Most existing DiffBind
scripts and saved objects will
run correctly using version 3.0, but there may be differences
in the results.
This section describes how to approximate earlier results for existing scripts and objects.
If a DBA
object was created with an earlier version of
DiffBind
, and saved using the dba.save
function, and loaded using the dba.load
function,
all settings should be preserved, such that running the analysis anew
will yield the same results.
In order to re-run the analysis using the post-version 3.0 settings,
the original script should be used to re-create the DBA
object.
By default, if you re-run a DiffBind
script, it will use the
new defaults from version 3.0 and beyond.

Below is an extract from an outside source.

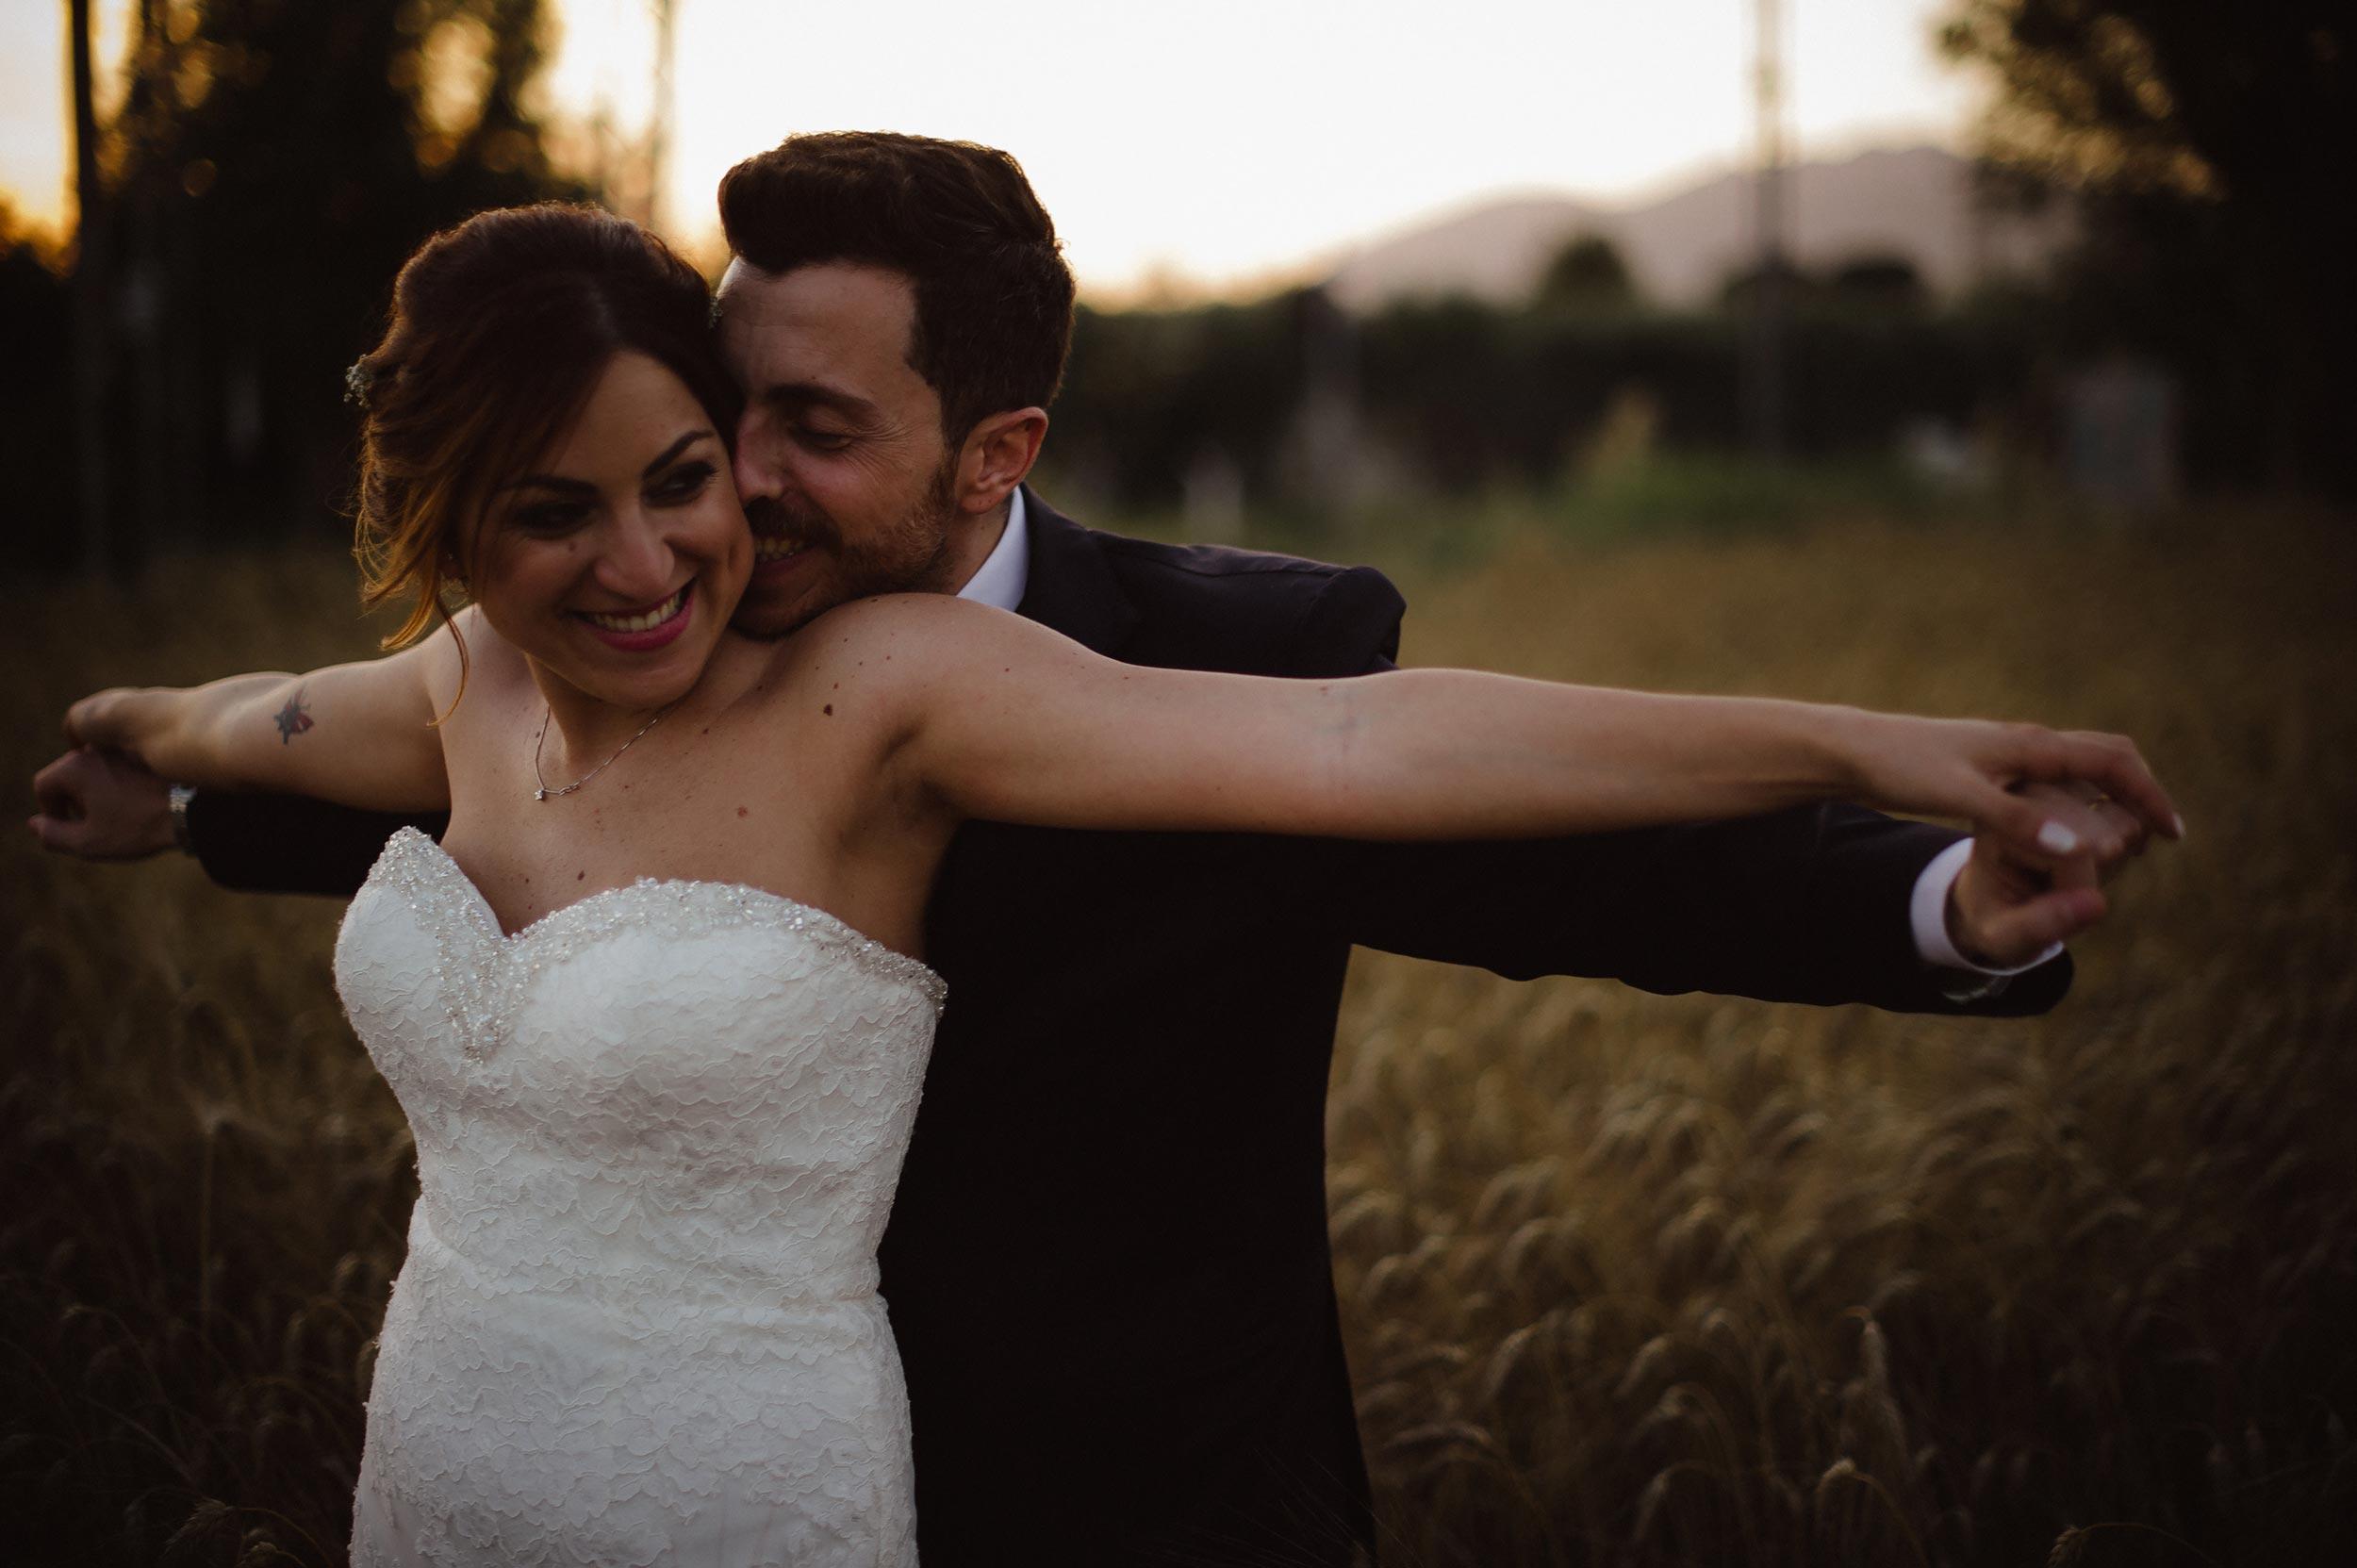 2016-Claudio-Teresa-Naples-Wedding-Photographer-Italy-Alessandro-Avenali-83.jpg

In order to re-analyze an experiment in the pre-version 3.0 mode,
a number of defaults need to be changed.
When calling dba.count
, the following defaults are changed:
summits
: This parameter is now set by default. Setting
summits=FALSE
will preempt re-centering each
peak interval around its point of highest pileup.
filter
: The new default for this parameter is 1
and is based on RPKM
values; previously
it was set to filter=0
and was based on read counts.
minCount
: This is a new parameter representing a minimum read count value.
It now default to 0
;
to get the previous behavior, set minCount=1
.
The easiest way to perform subsequent processing in a pre-version 3.0 manner is to set a configuration option:
DBA$config$design <- FALSE
This will result in the appropriate defaults being set for
the new interface function, dba.normalize
(which
does not need to be invoked explicitly.)
The pre-version 3.0 settings for dba.normalize
parameters
are as follows:
normalize
: DBA_NORM_DEFAULT
library
: DBA_LIBSIZE_FULL
background
: FALSE
Note that two parameters that used to be available when calling
dba.analyze
have been moved:
bSubControl
: now integrated into dba.count
. FALSE
by default (unless a greylist has
been added using dba.blacklist
).
bFullLibrarySize
: now integrated into
dba.normalize
as an option for the library
parameter.
library=DBA_LIBSIZE_FULL
is equivalent to bFullLibrarySize=TRUE
,
and library=DBA_LIBSIZE_PEAKREADS
is equivalent to
bFullLibrarySize=FALSE
.
Rory Stark
The DiffBind
vignette has been updated to show how to
analyze experiments using version 3.0.